Answer the following questions:

Instruction:  Gather in your group.  Will randomly pick groups to present.

1.  Why this dataset is a regression problem?
2.  How many samples of data do we have?  How many features do we have?  How many label do we have?
3.  Notice "status" is a object dtype.  What is "object" dtype?
4.  Notice "float64".  What 64 means?
5.  Create another countplot.
6.  Create another displot.
7.  Create another boxplot.
8.  Create another scatterplot.
9.  We have used "label-encoding" which turns category into 0, 1, 2, ...   Another technique is called one-hot encoding.  What's the difference, and what's the pros and cons?
10. What is `random_state` = 42"
11. How do we know whether to replace with mean or median?
12. How many ways to scale data, and when to use them?   Try not to scale, and see whether the mse changes.  Why?
13. Why we should preprocess only AFTER we split the dataset?
14. Try to change to other `X` and try find the best three features which get the best mse.
15. How much mse or $r^2$ is considered good or bad?
16. How do I know which algorithm to use?  There are so many regression algorithms.

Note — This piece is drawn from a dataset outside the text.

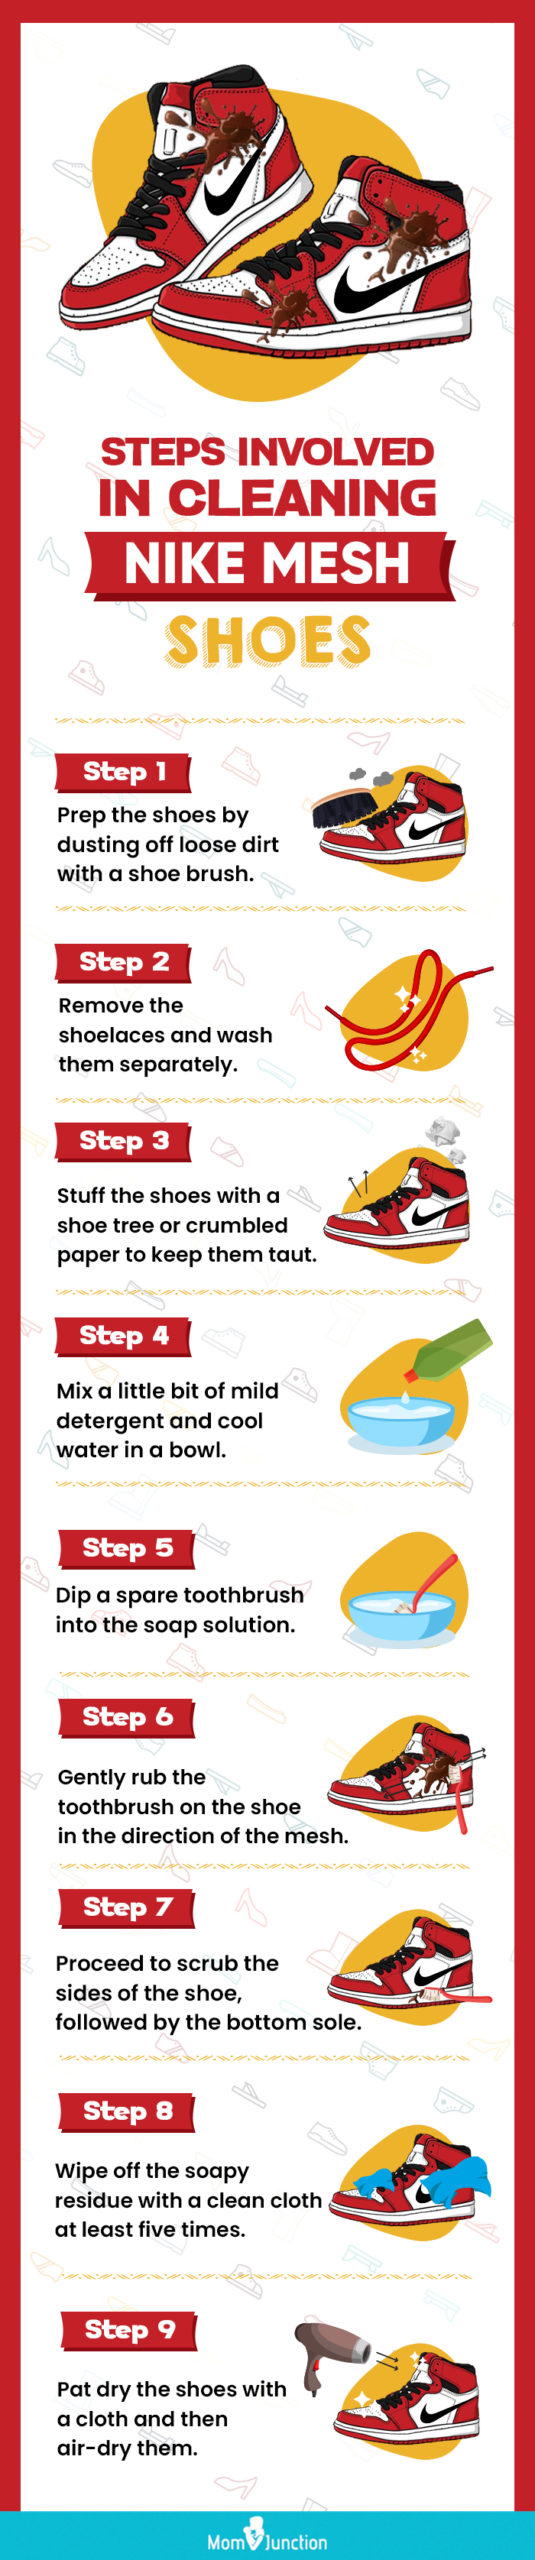 Steps Involved In Cleaning Nike Mesh Shoes (infographic)

17. We use kfold cross-validation.  Try to find other ways of cross-validation.  Hint: search inside sklearn website.
18. In cross-validation and grid search, did we touch the testing set?
19. Why do we need to do grid search after cross validation?
20. What is feature importance?
21. After I got the model, then how can I create a website/mobile application?  Explain in details.